# Down the Maine coast with the 35L.



## o hey tyler (May 18, 2012)

In a spur of the moment decision, my friend who is just getting into photography decides that we should take a cruise down the Maine coast in his Audi. Can I complain? Of course not. So, I grabbed the 5D2, and the 35L and decided to limit myself to that for today. Wasn't going for any amazing captures, just a good time. And a good time was had. Got fried haddock sandwiches while we were out, and stopped by a nice public walking path down in an area called Ocean Point (I believe). I really do have a love affair going with this 35L. The color rendition is just so pleasing, and it performs well under many different circumstances, even in direct sunlight.  Here are some of the images I got today. 
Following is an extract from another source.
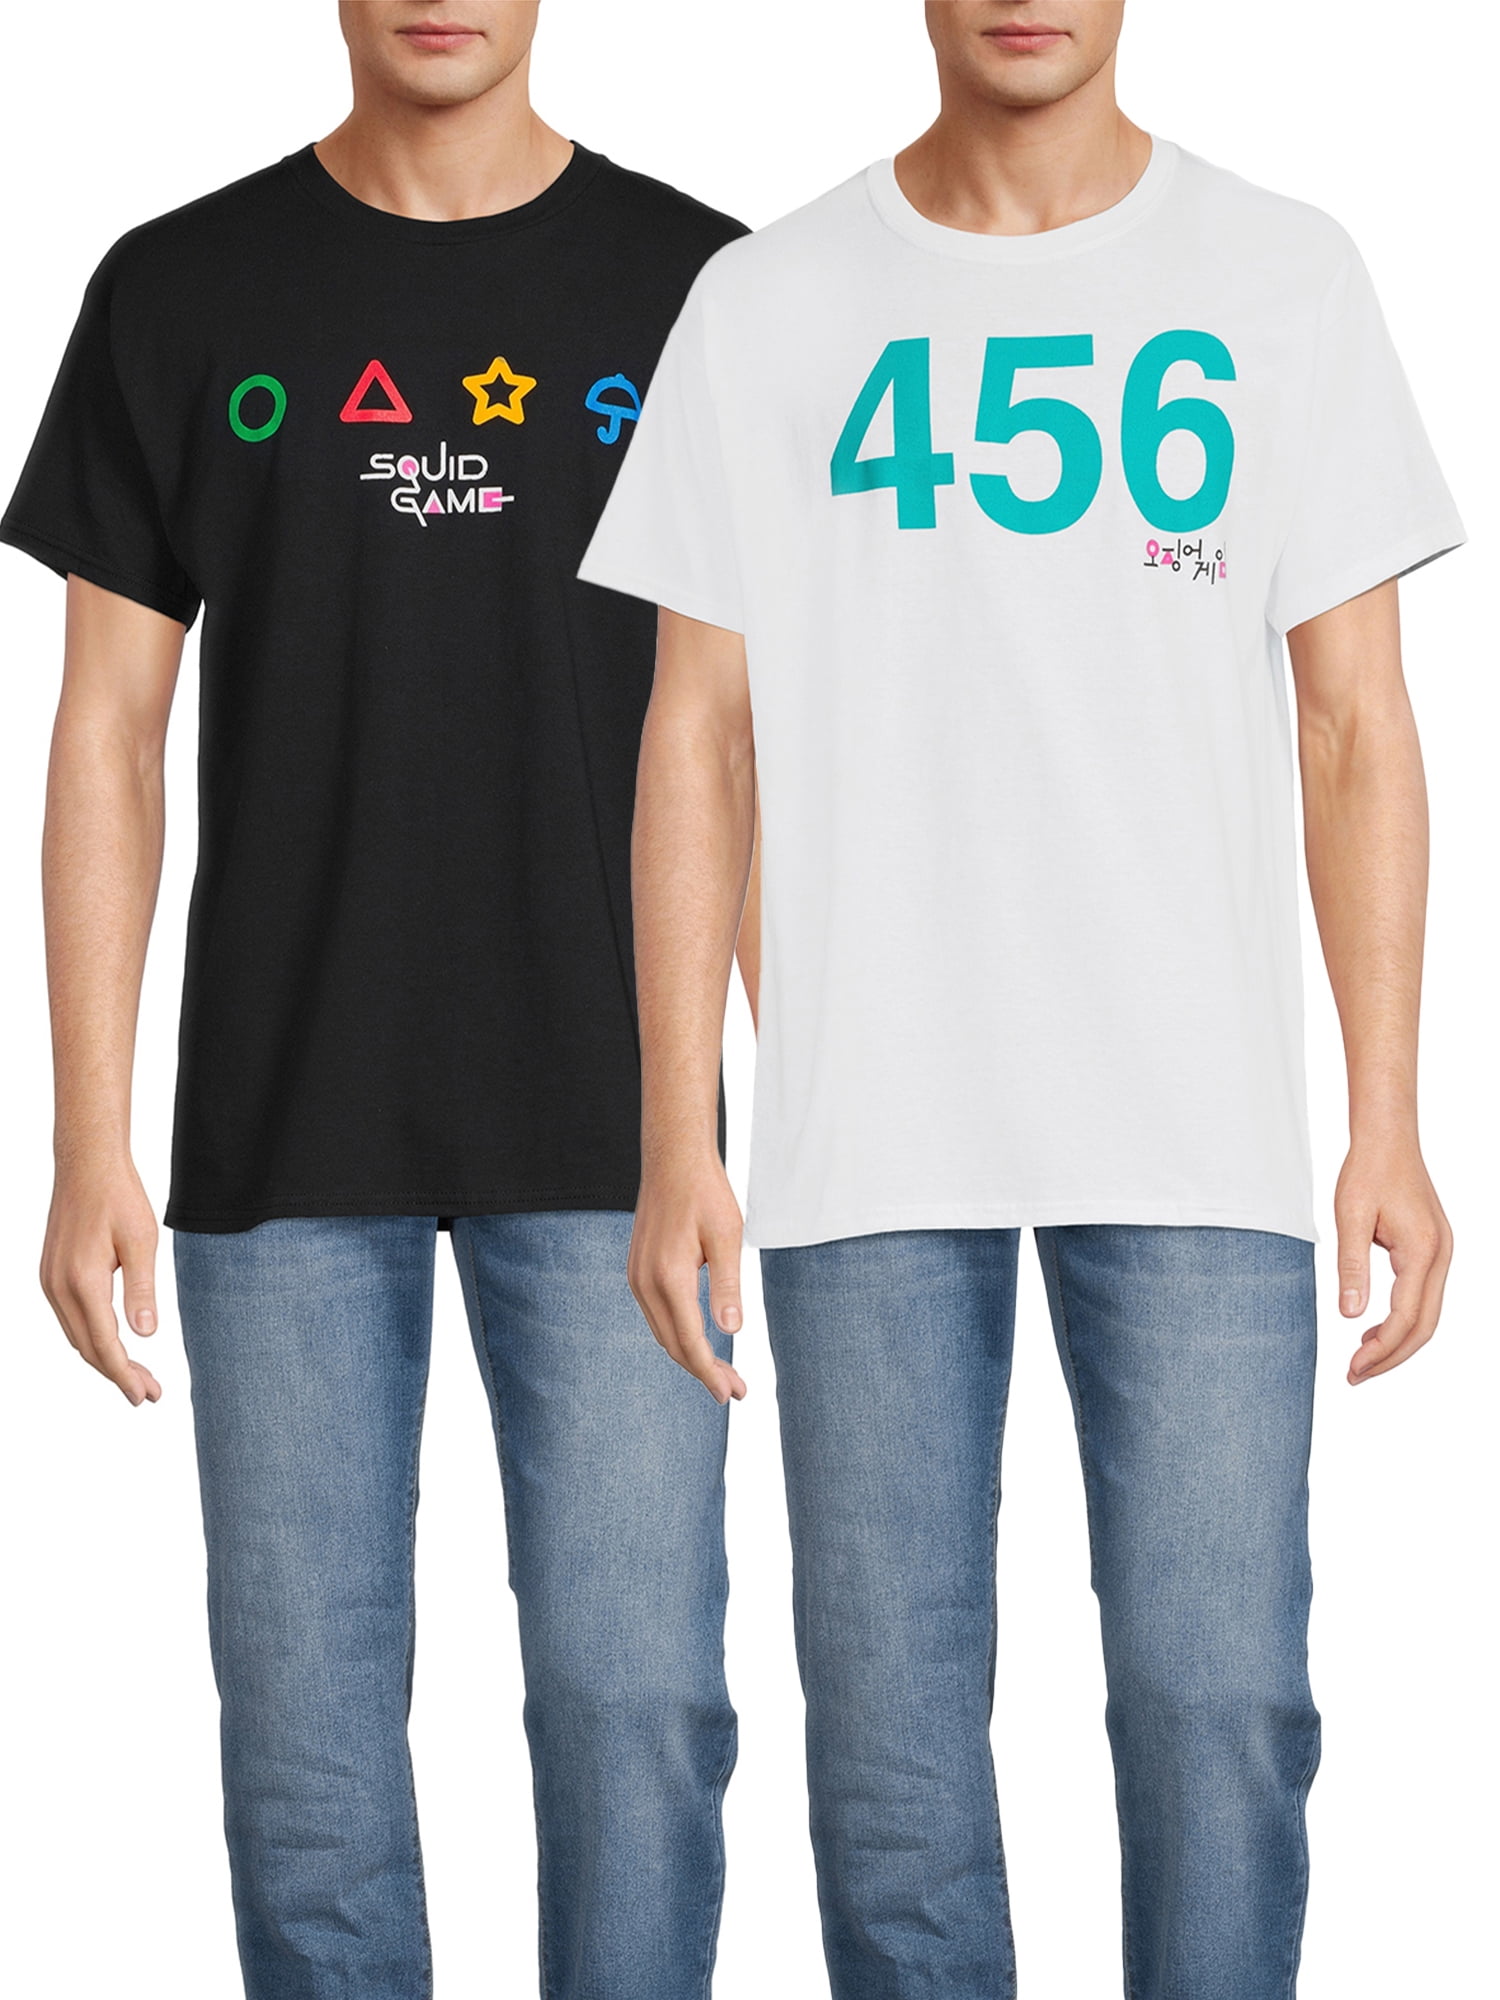 Squid game player 001 and 456 shirt - Kingteeshop

This is Maine, and this is really how people pronounce things. 






Yeah, I'd live here. 






And then I took one back at home with the 85/1.4 just for the shats and gigs. 
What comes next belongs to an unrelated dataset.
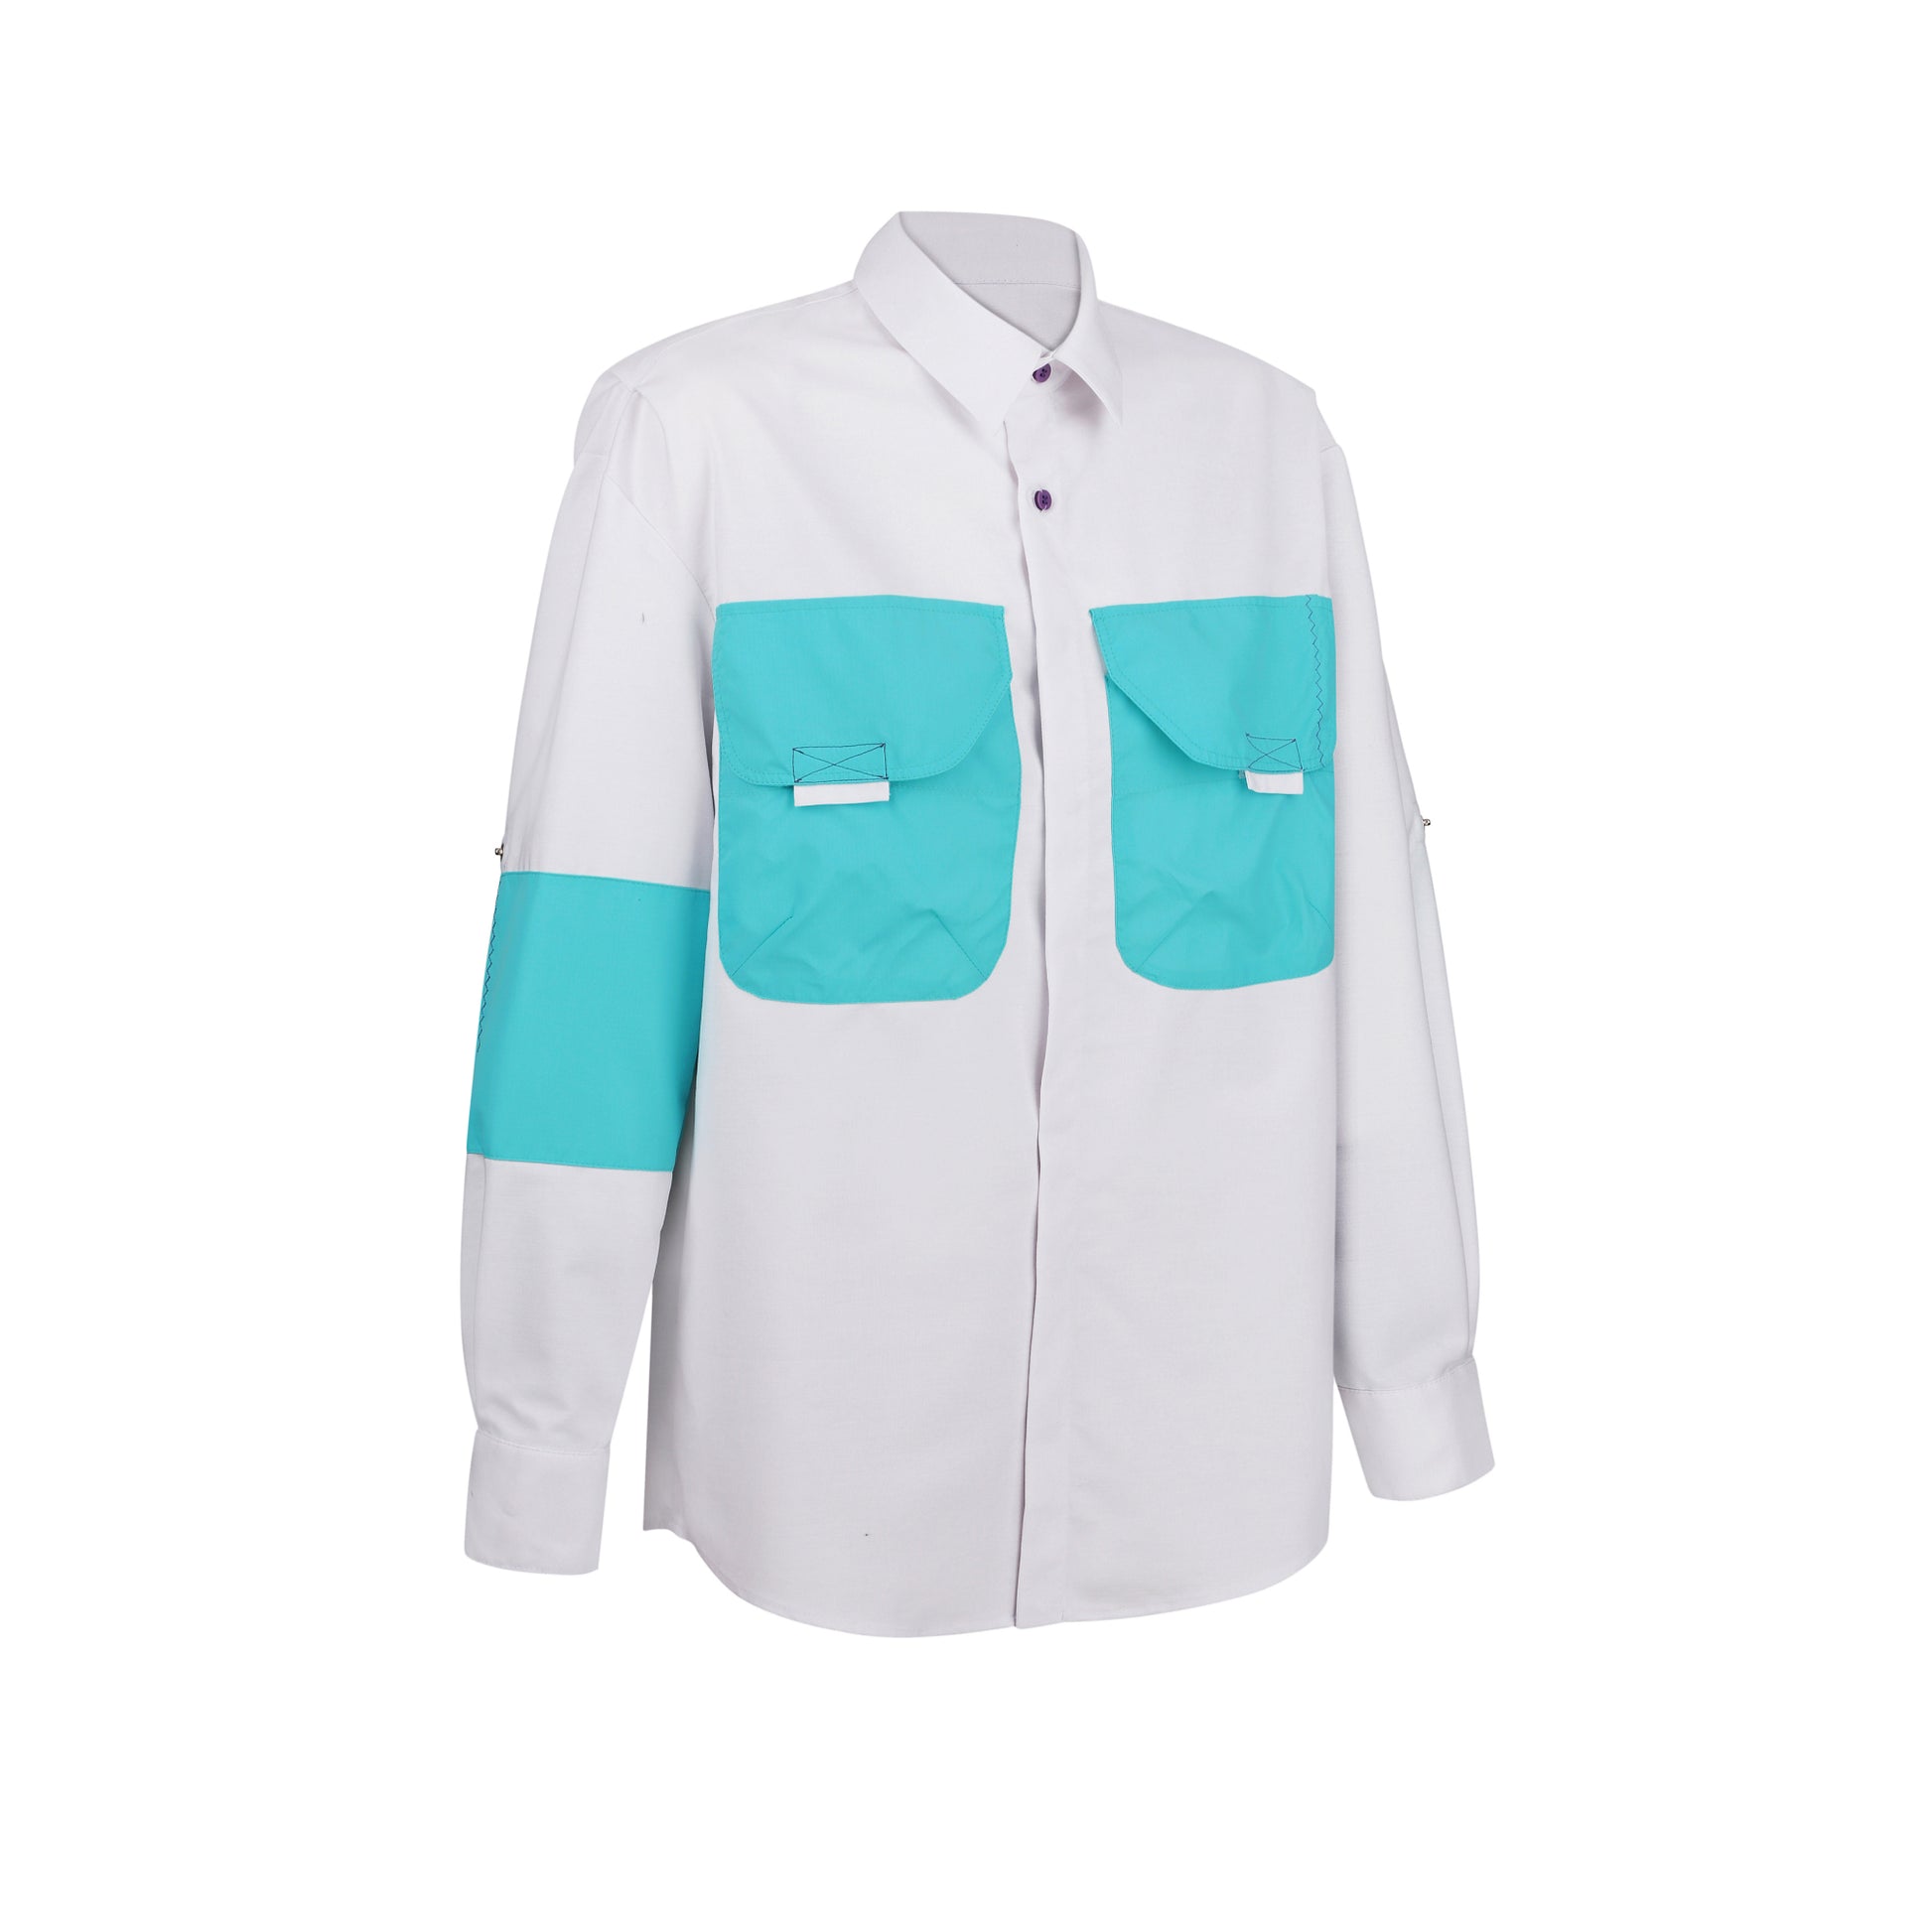 White & green stylish cotton cargo shirt with double pocket. REwind - made in Ukraine

It was a good day, and I enjoyed showing my friend the photographic ropes. He has a D3100/Kit lens combo, but I think he got smacked in the face with a photo bug today, and he's all about getting more glass now. I've made another convert, methinks.


----------



## Compaq (May 19, 2012)

The house shot is pretty epic. I also like the fence shot, for some reason 

Looks like a fun day :thumbsup:


----------



## Derrel (May 19, 2012)

Good post Tyler! The Centah of Attention...amusing store name,well worth a snap. I also liked Tony's Pizzeria, and the two portraits of your photo excursion buddy.


----------



## Compaq (May 19, 2012)

Forgot to add: your buddy seems to have nice skin. Does he wet shave?

(jk, no need to answer that  )


----------



## o hey tyler (May 19, 2012)

Compaq said:


> Forgot to add: your buddy seems to have nice skin. Does he wet shave?
> 
> (jk, no need to answer that  )



I think he actually slathers Nair all over his face, and then uses Bengay as aftershave. 


Jay Kay, I have no clue. Haha


----------